> [Brief]:
Only the lines from the one containing "Chelsea Home 360134" through the end of the listing are to be repeated, exactly and without pictures.

*** Information provided Section Begins ***

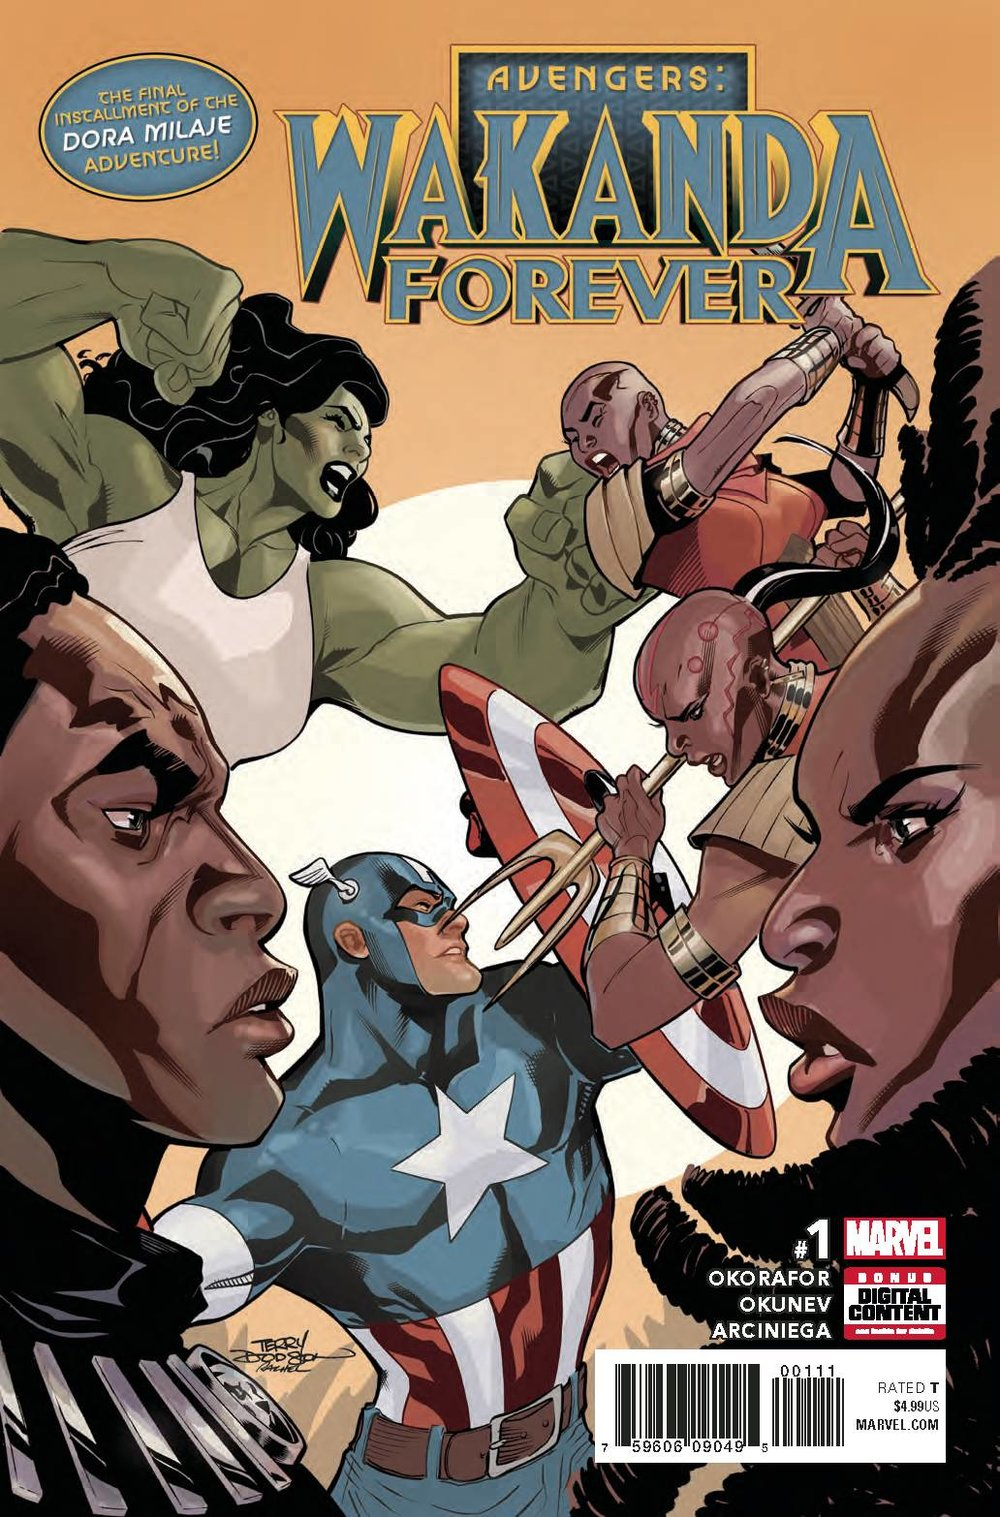 Wakanda Forever Avengers #1
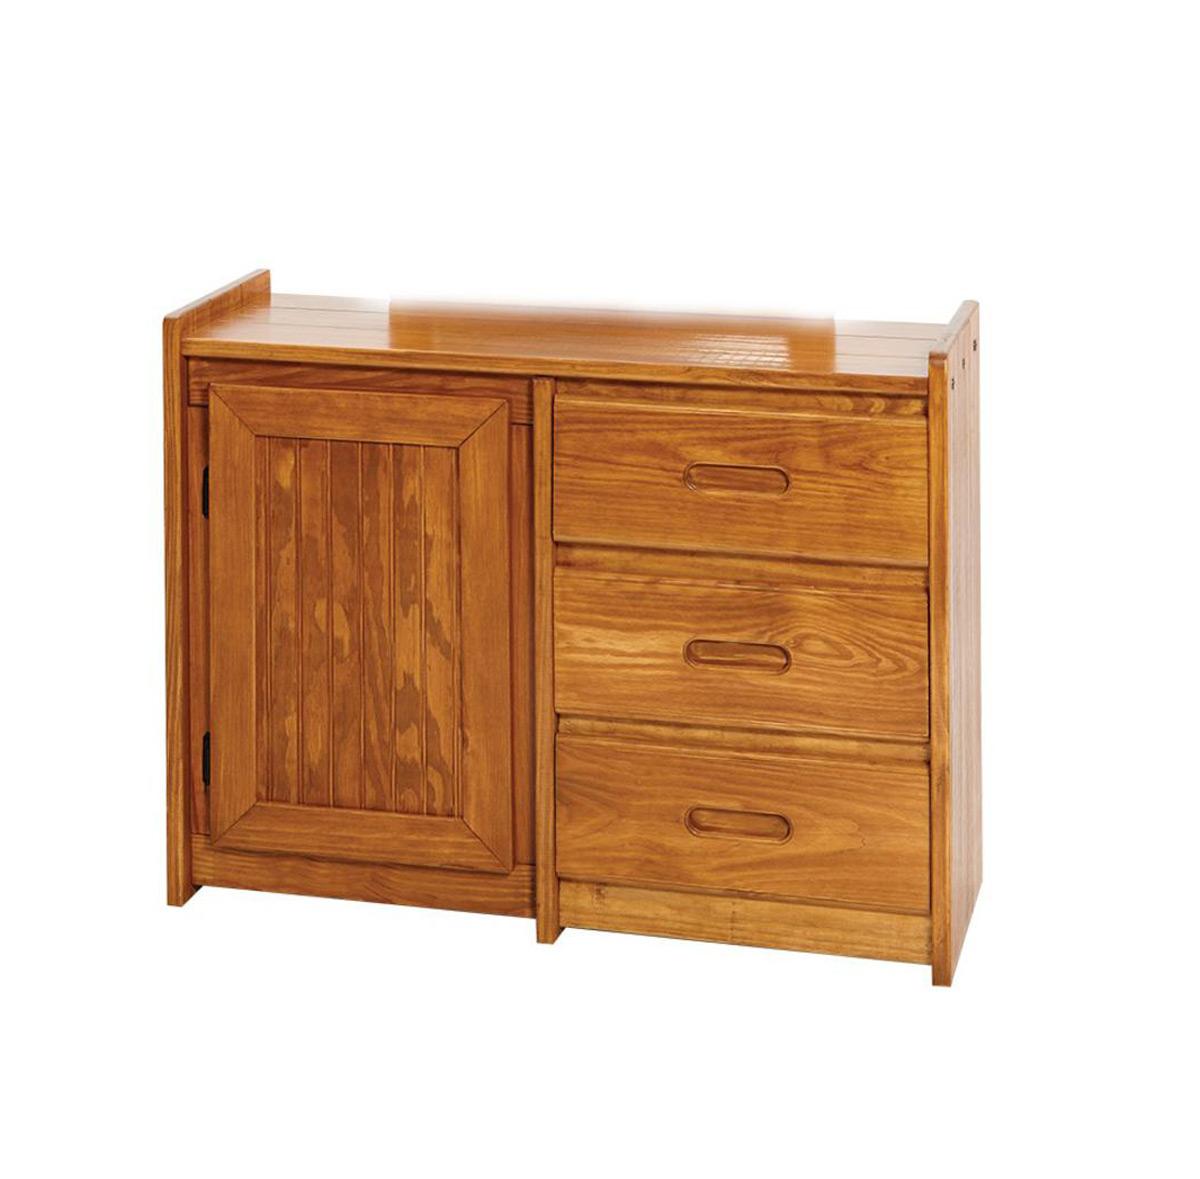 Chelsea Home 360134 3 Drawer Dresser with Storage Door - Honey
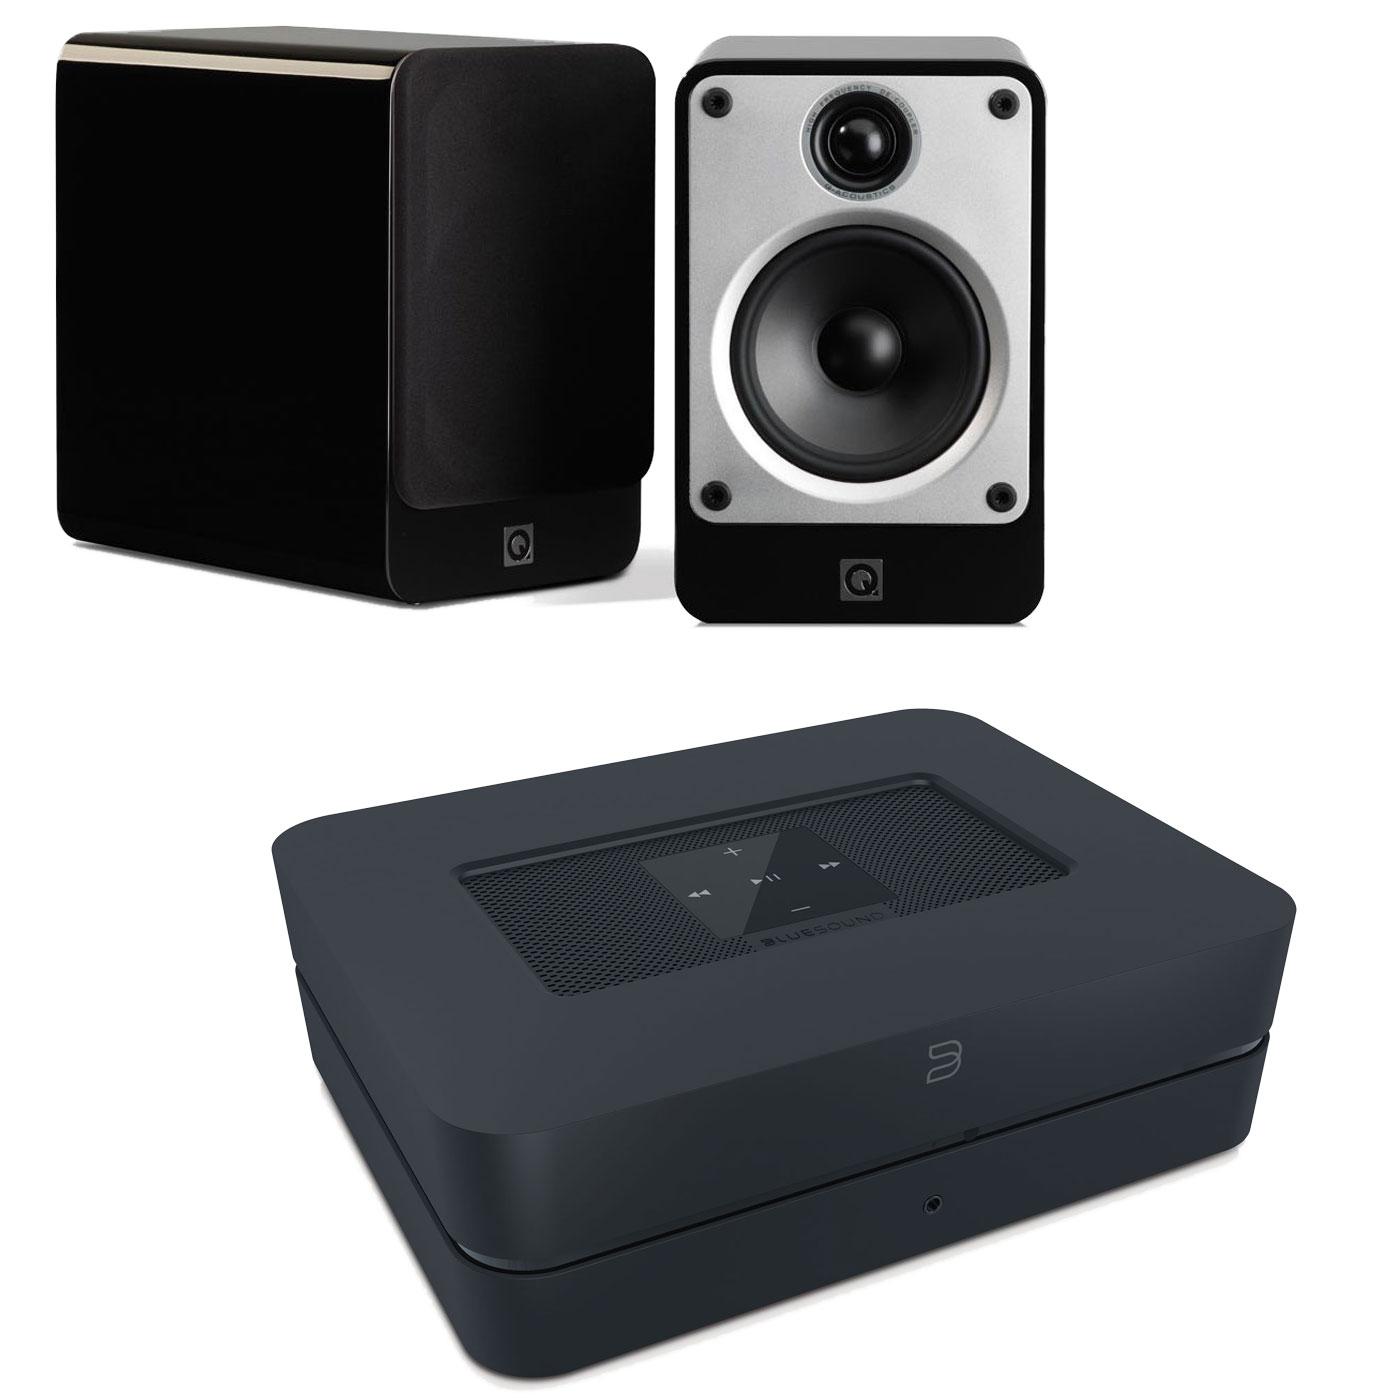 Ensemble Hifi Bluesound Powernode 2 Noir + Q Acoustics Concept 20 Noir Amplificateur lecteur réseau multiroom DAC avec Wi-Fi et Bluetooth compatible Hi-Res Audio 2 x 60 W + Enceinte bibliothèque compacte (par paire)

*** Information provided Section Ends ***

> [Exercise answer]:
 Chelsea Home 360134 3 Drawer Dresser with Storage Door - Honey
 Ensemble Hifi Bluesound Powernode 2 Noir + Q Acoustics Concept 20 Noir Amplificateur lecteur réseau multiroom DAC avec Wi-Fi et Bluetooth compatible Hi-Res Audio 2 x 60 W + Enceinte bibliothèque compacte (par paire)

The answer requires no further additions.